Suppose the position of a particle of mass $m > 0$ moving between time $0\in \mathbb{R}$ and time $1 \in \mathbb{R}$ is given by a smooth curve $x: [0,1]\to\mathbb{R^3}$. If the particle moves through a force field $F: \mathbb{R^3} \to \mathbb{R^3}$, then the work done on the particle is given by the line integral $$\Delta W=\int_xds\cdot F(s).$$

We want to find the work needed to accelerate the object from it's initial velocity $\dot{x}(0)$ to it's final velocity $\dot{x}(1)$. Suppose there are no external forces, only the inertia of the particle is "trying to counteract" the acceleration.

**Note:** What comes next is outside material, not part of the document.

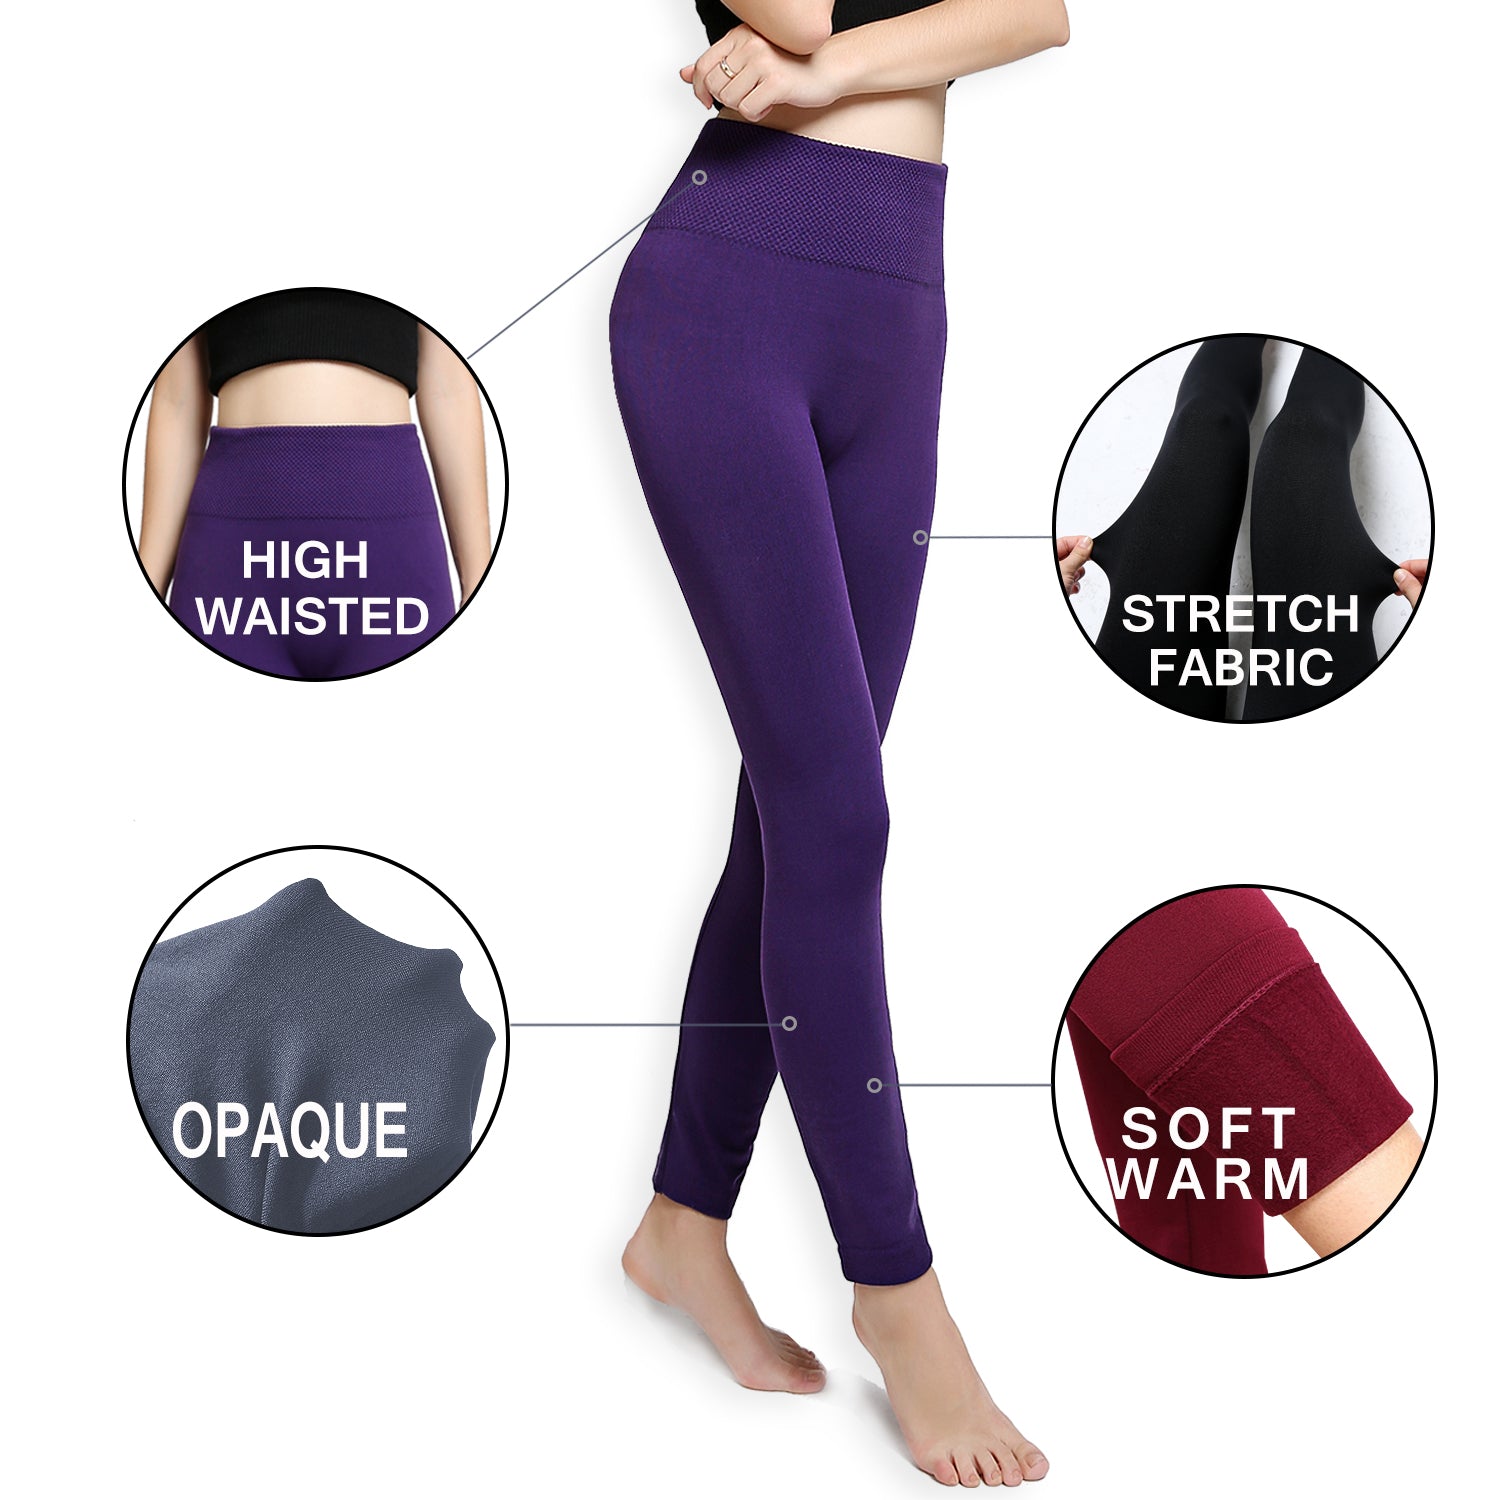 Fleece Lined Leggings Thick Brushed Ultra Soft Warm High Women
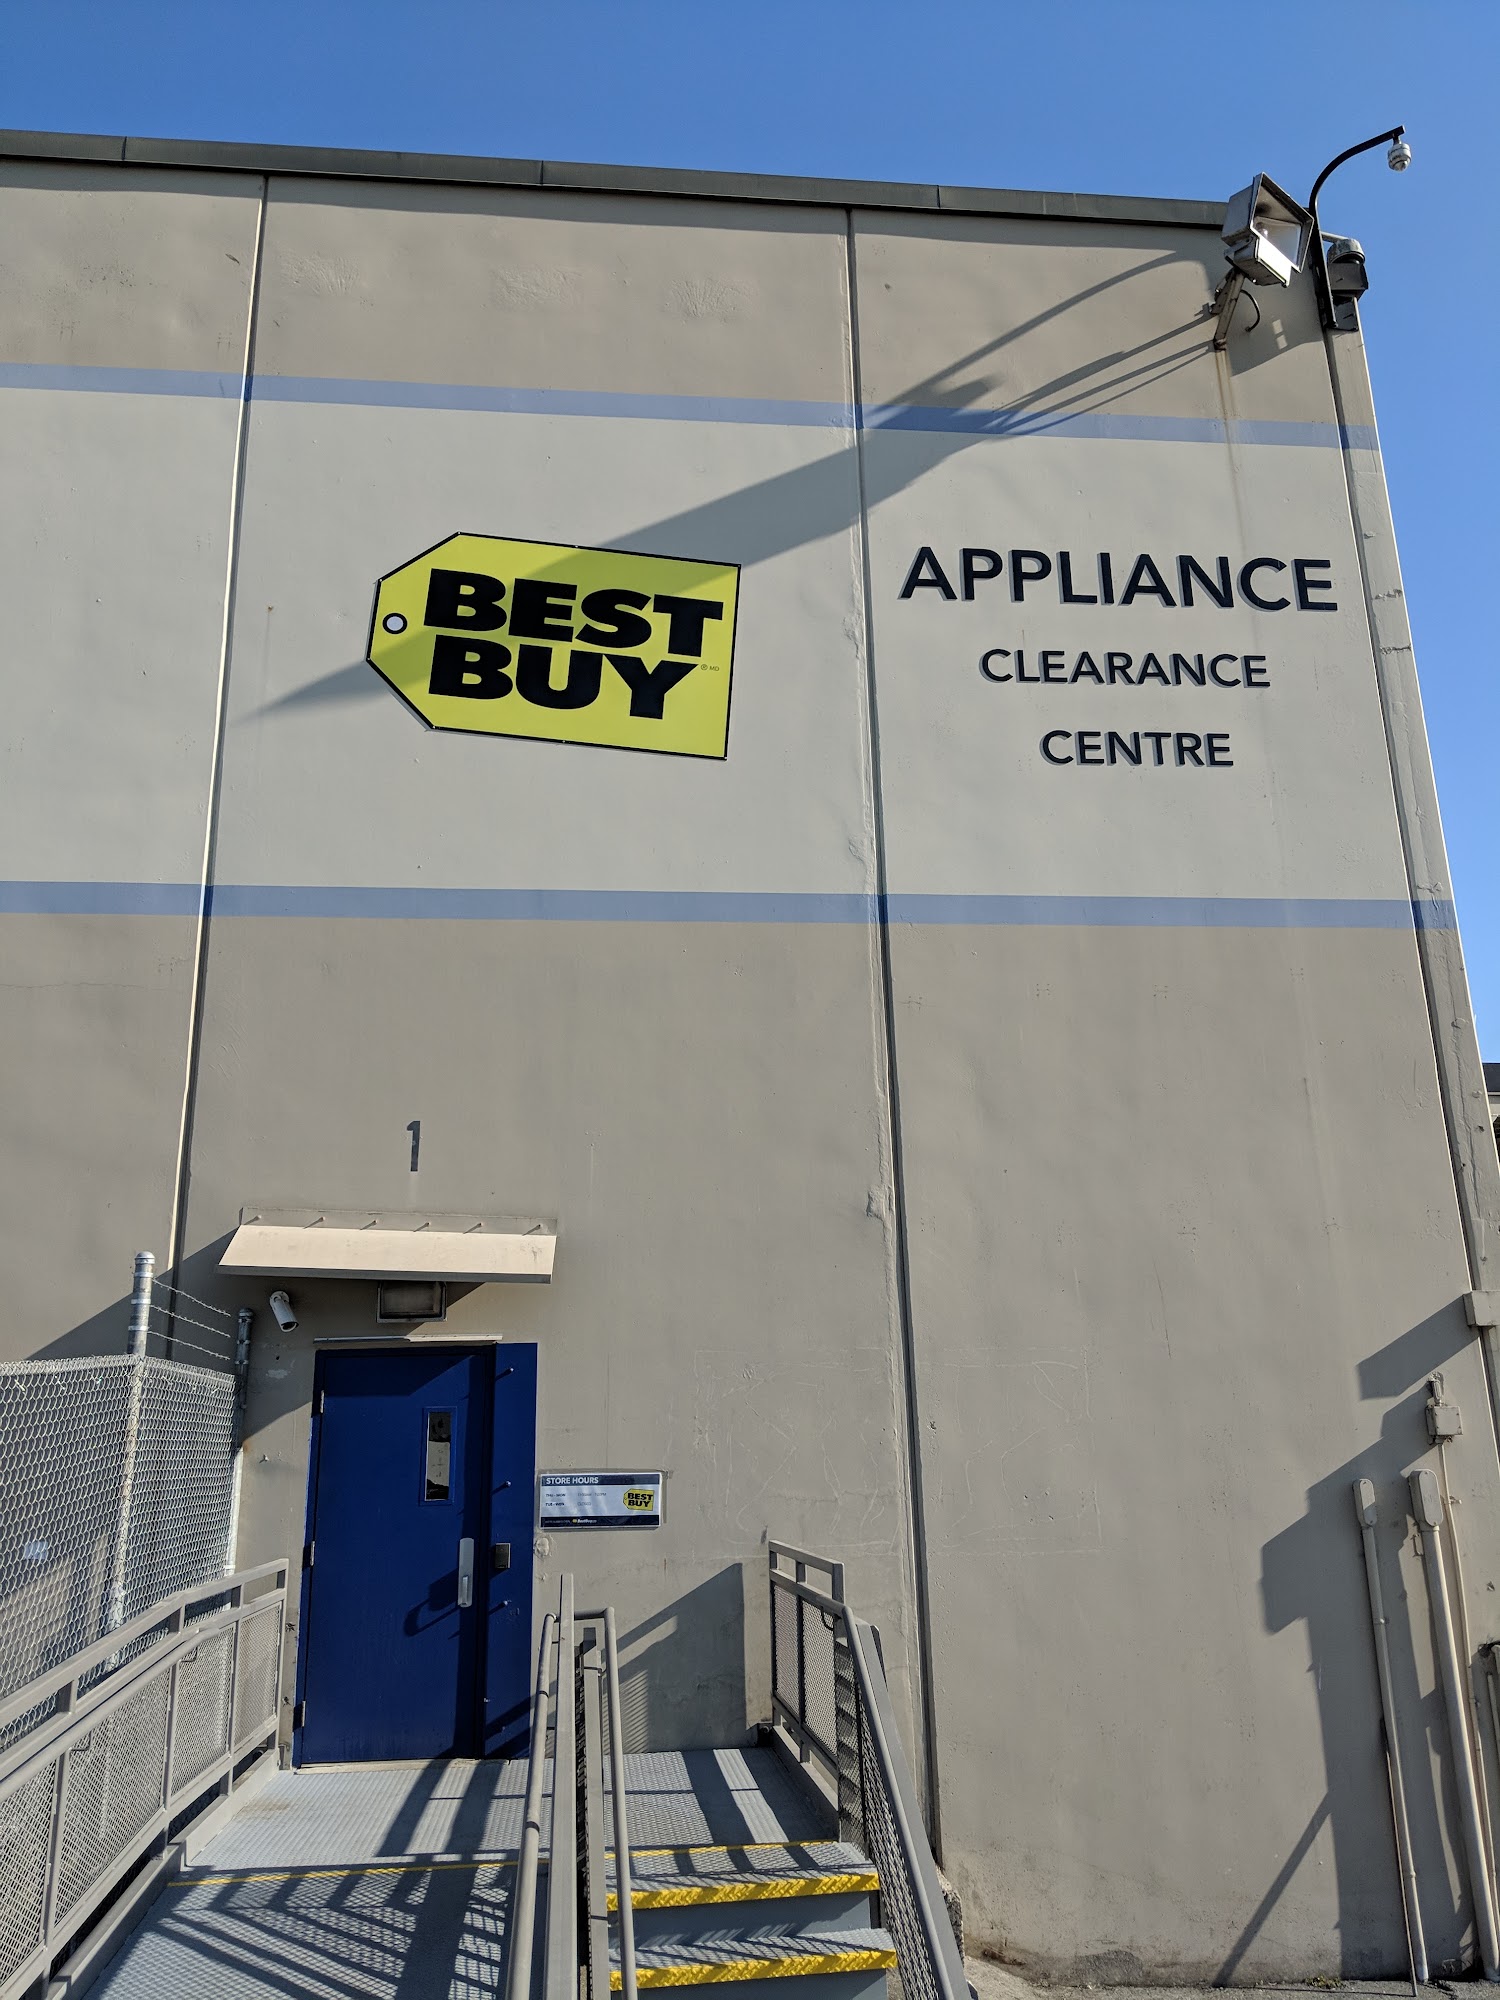 Best Buy Appliance Clearance Centre

For the sake of the argument, suppose further that $x$ is injective. Then the force field of the intertia at point $y \in x([0,1])$ is given as follows by Newton's third law: $$F(y):=m\ddot{x}(x^{-1}(y)) \in \mathbb{R^3}.$$ The expression simply assigns every point on the trajectory of the particle the force needed to give the particle it's current acceleration.

The work integral computes as follows: $$\Delta W = \int_x ds\cdot F(s)= \int_0^1 dt \langle F(x(t)) \ | \ \dot{x}(t)\rangle = \int_0^1 dt \langle m\ddot{x}(x^{-1}(x(t))) \ | \ \dot{x}(t)\rangle = m \int_0^1 dt \langle \ddot{x}(t) \ | \ \dot{x}(t)\rangle.$$ One quickly checks that $\langle\ddot{x}(t) | \dot{x}(t)\rangle = \frac{1}{2}\frac{d}{dt} ||\dot{x}(t)||^2$. So by defining $\Delta v^2 := ||\dot{x}(1)||^2-||\dot{x}(0)||^2$, the work integral becomes $$\Delta W = \frac{1}{2}m \int_0^1 dt \frac{d}{dt}||\dot{x}(t)||^2 = \frac{1}{2}m(||\dot{x}(1)||^2-||\dot{x}(0)||^2) = \frac{1}{2}m\Delta v^2,$$ which is the familiar expression of the kinetic energy.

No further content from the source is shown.